** Exercise **
Repeat the listing word for word, but skip any pictures.

** Stored data **
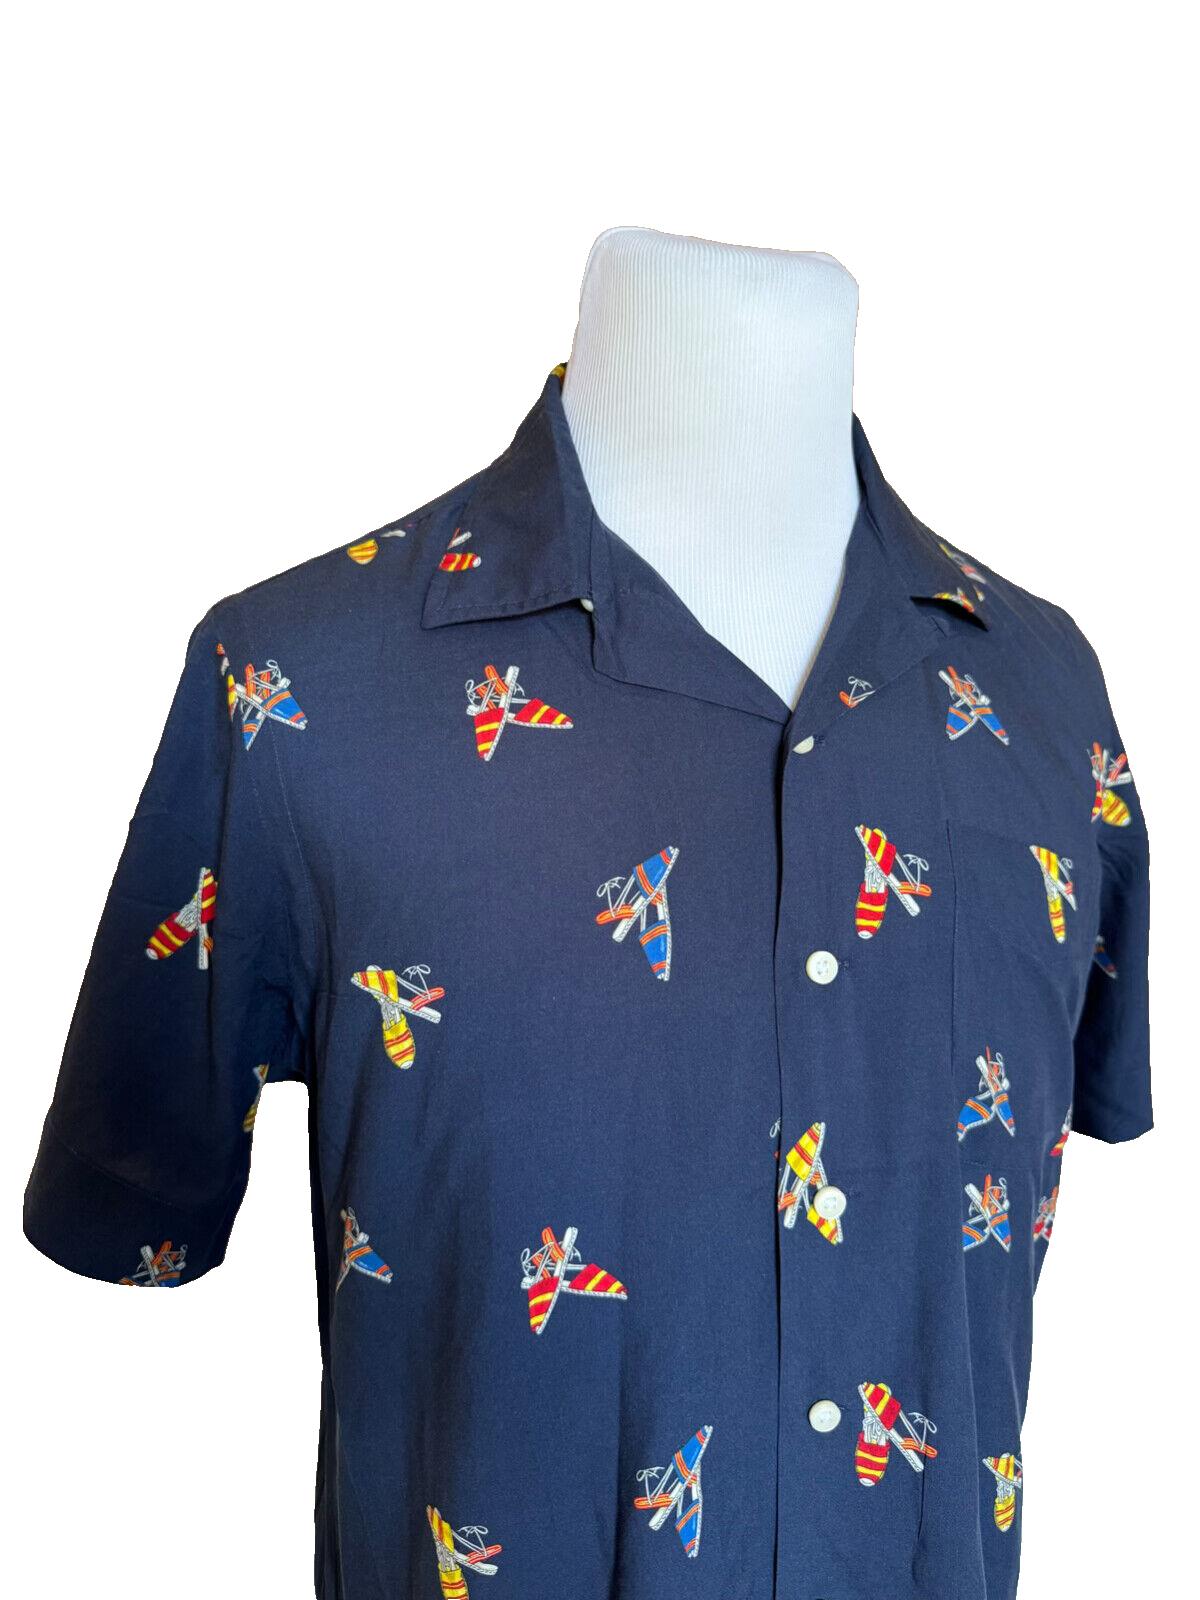 NWT $228 Polo Ralph Lauren Short Sleeve Sandals Printed Button Shirt Blue Medium
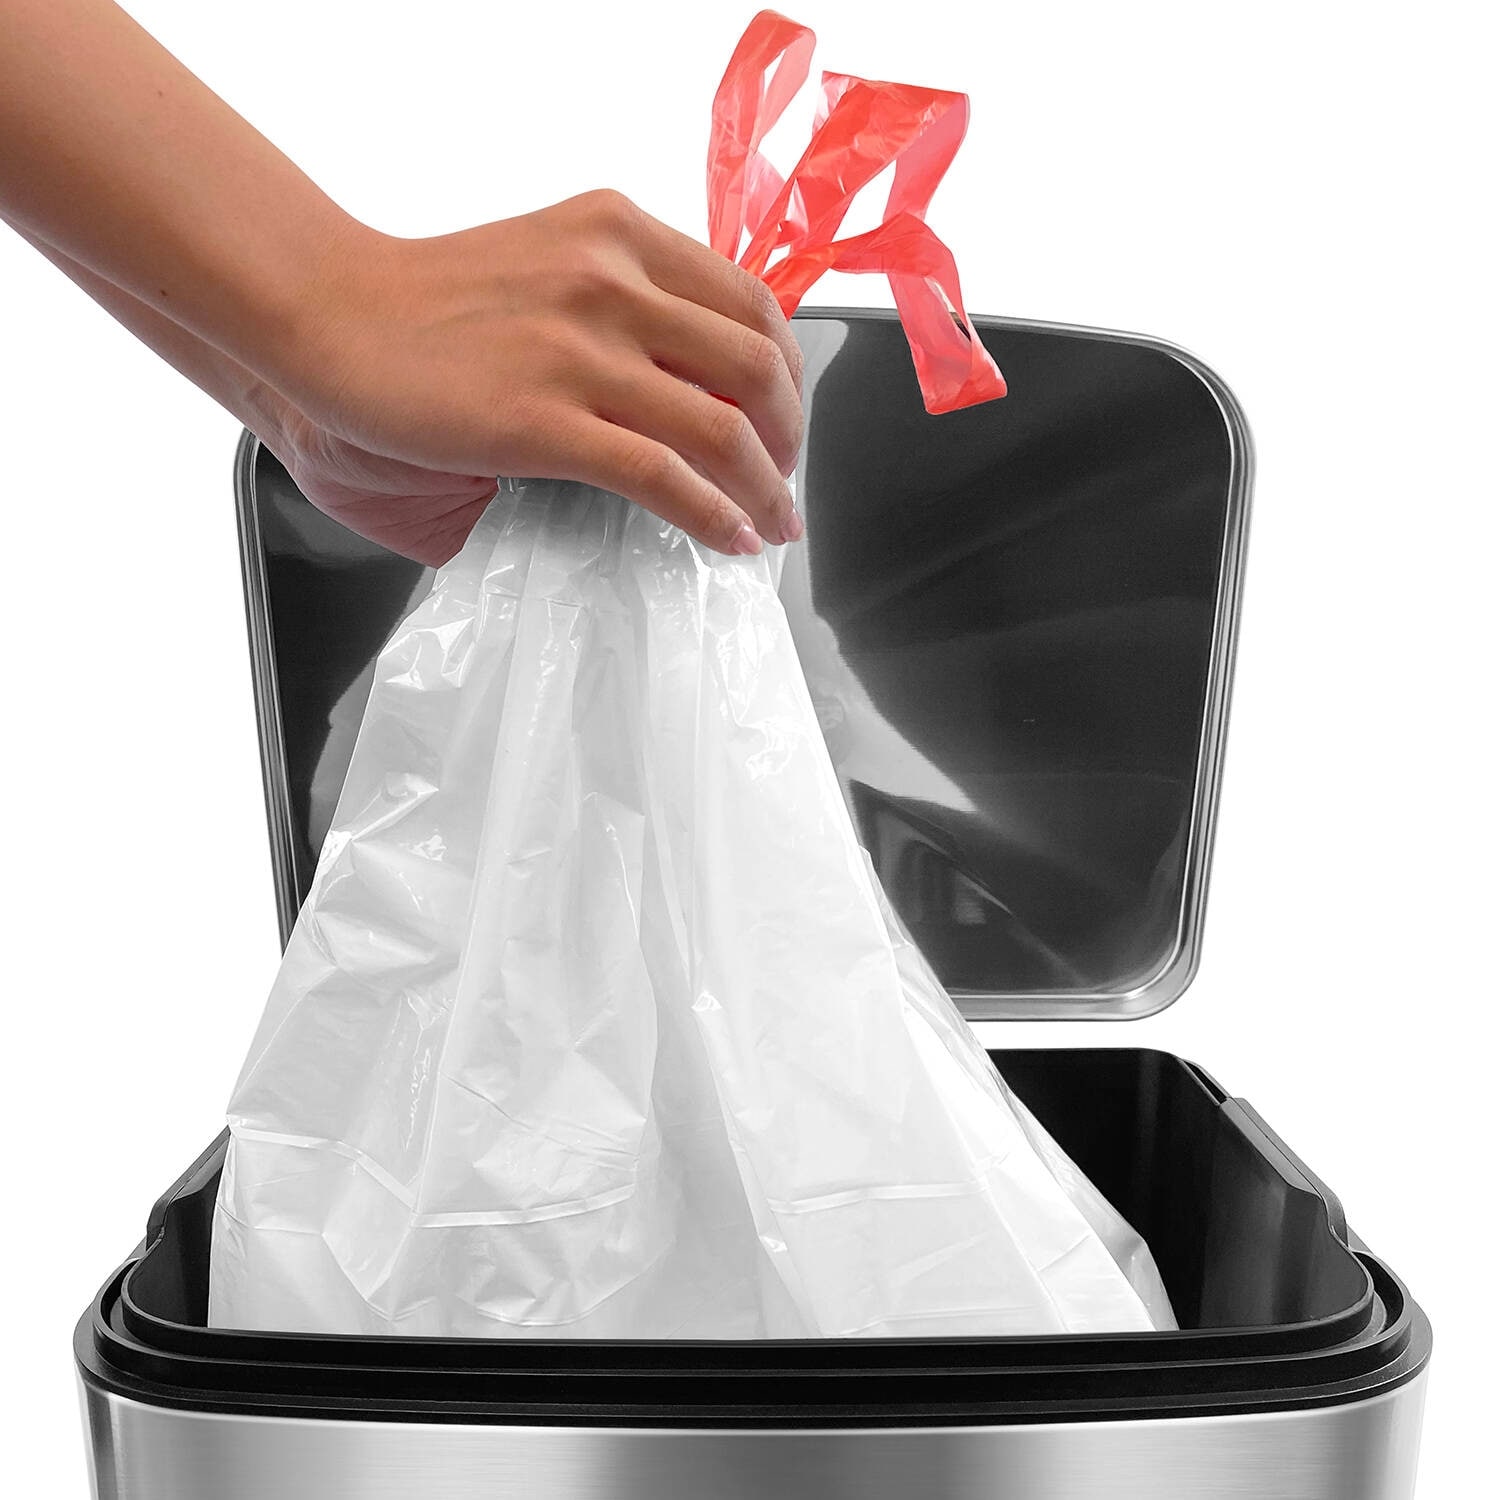 TB002 Drawstring Trash Bags, 40 Liter / 10.5 Gallon, 30 Count, Size: White - Step
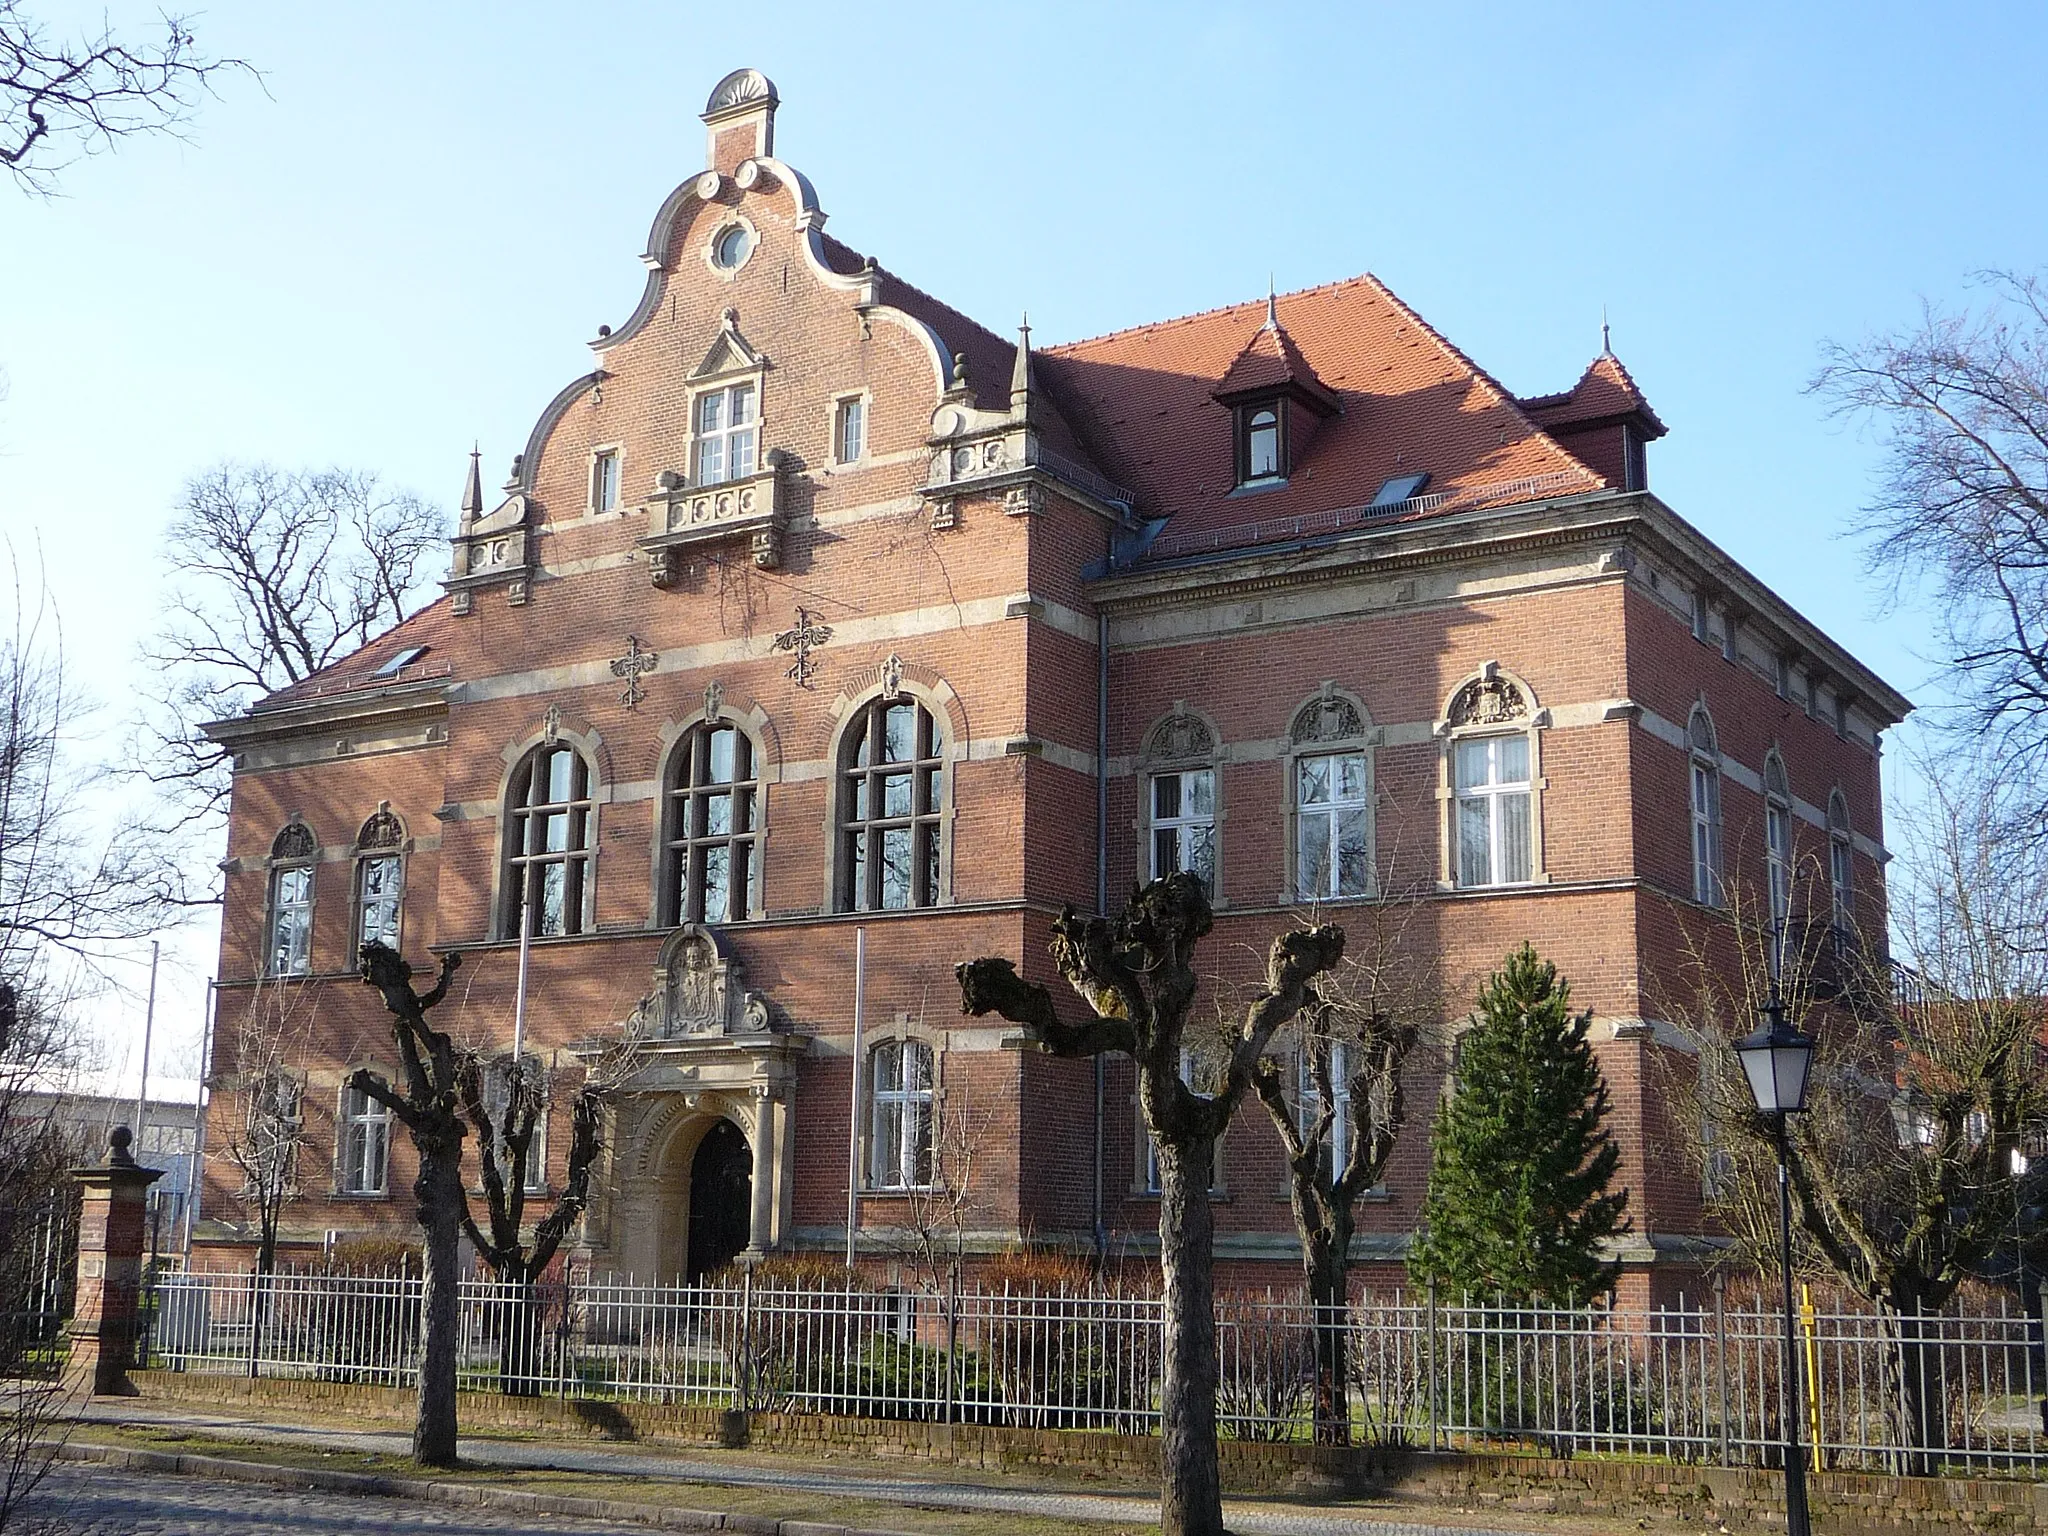 Photo showing: Town hall in Bad Belzig, Brandenburg, Germany
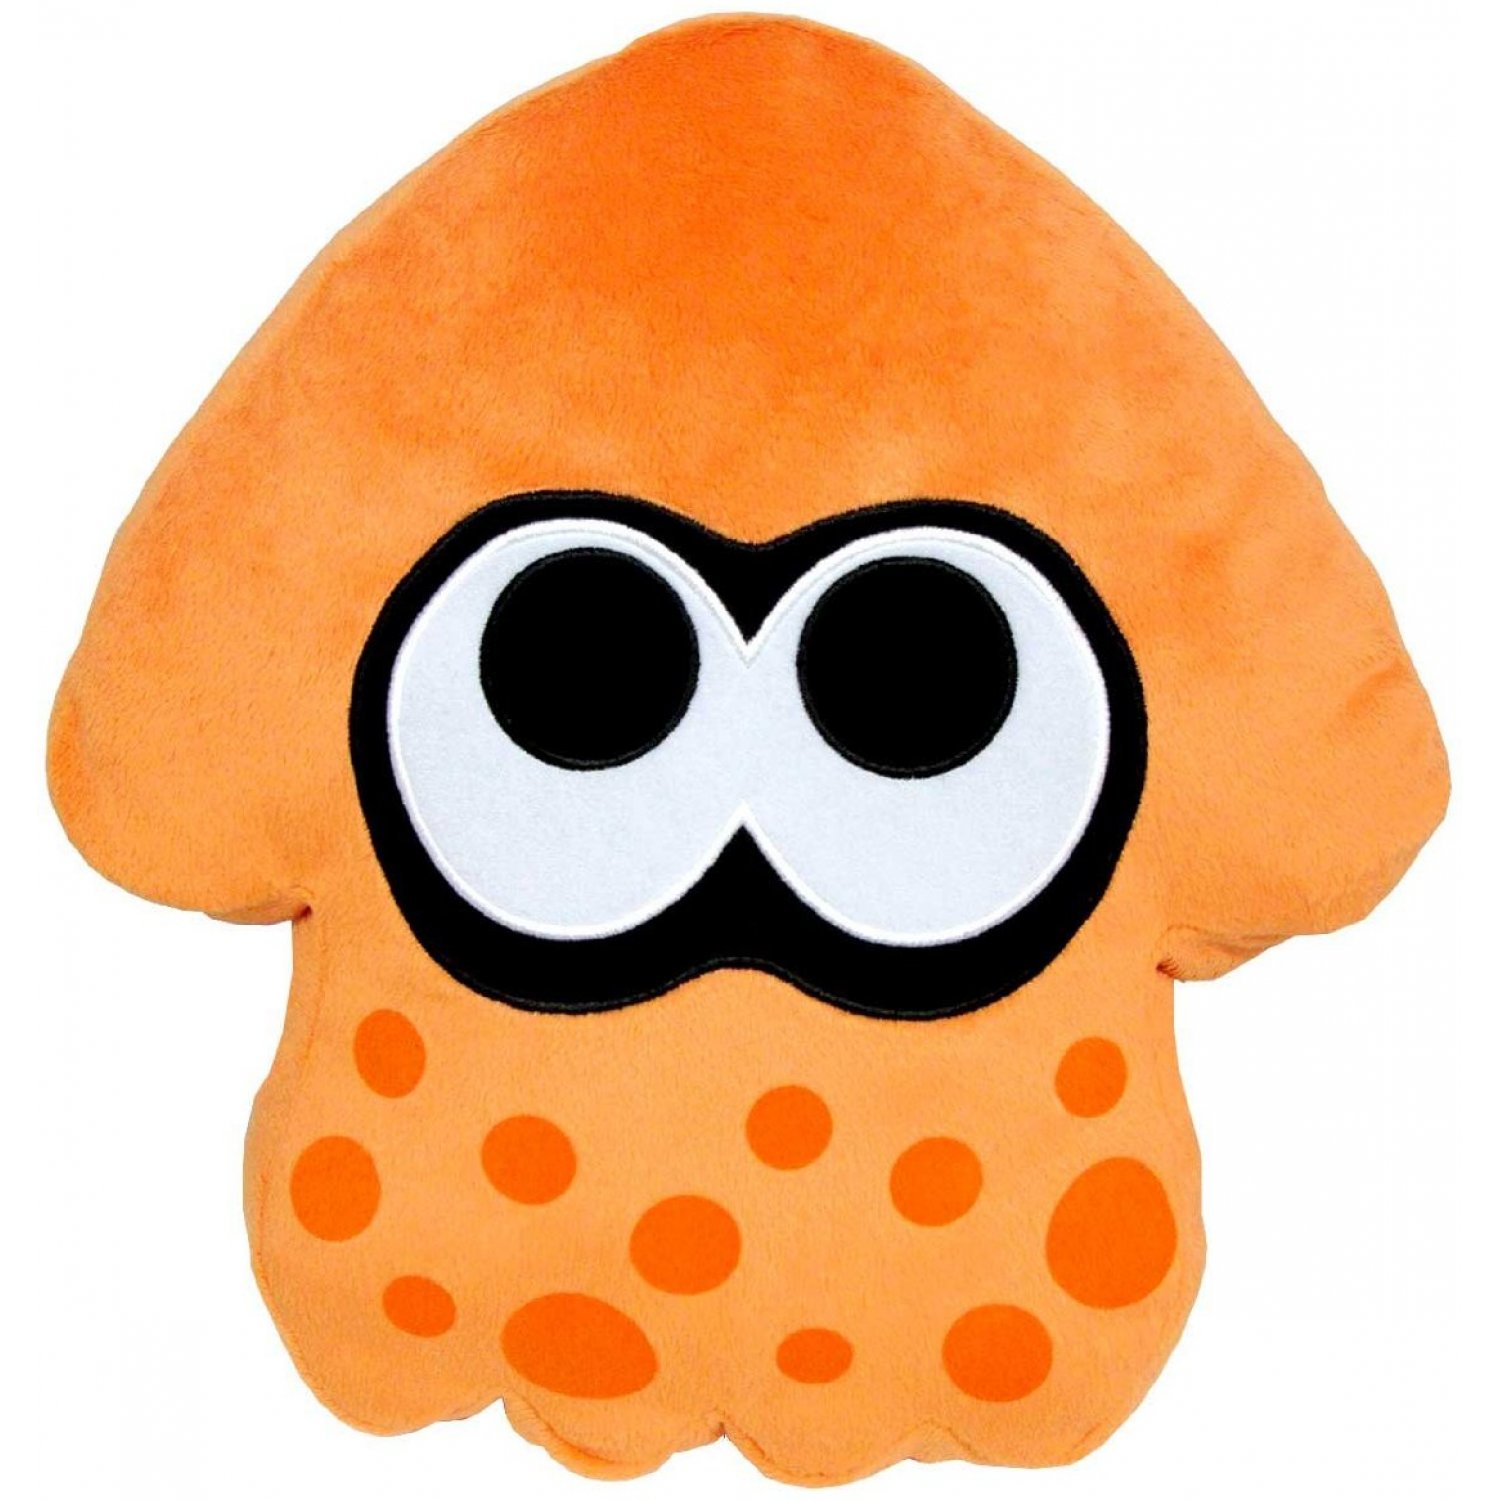 Sanei Inkling Squid orange cushion.jpg

** Task result **
 NWT $228 Polo Ralph Lauren Short Sleeve Sandals Printed Button Shirt Blue Medium
 TB002 Drawstring Trash Bags, 40 Liter / 10.5 Gallon, 30 Count, Size: White - Step
 Photo showing: Town hall in Bad Belzig, Brandenburg, Germany
 Sanei Inkling Squid orange cushion.jpg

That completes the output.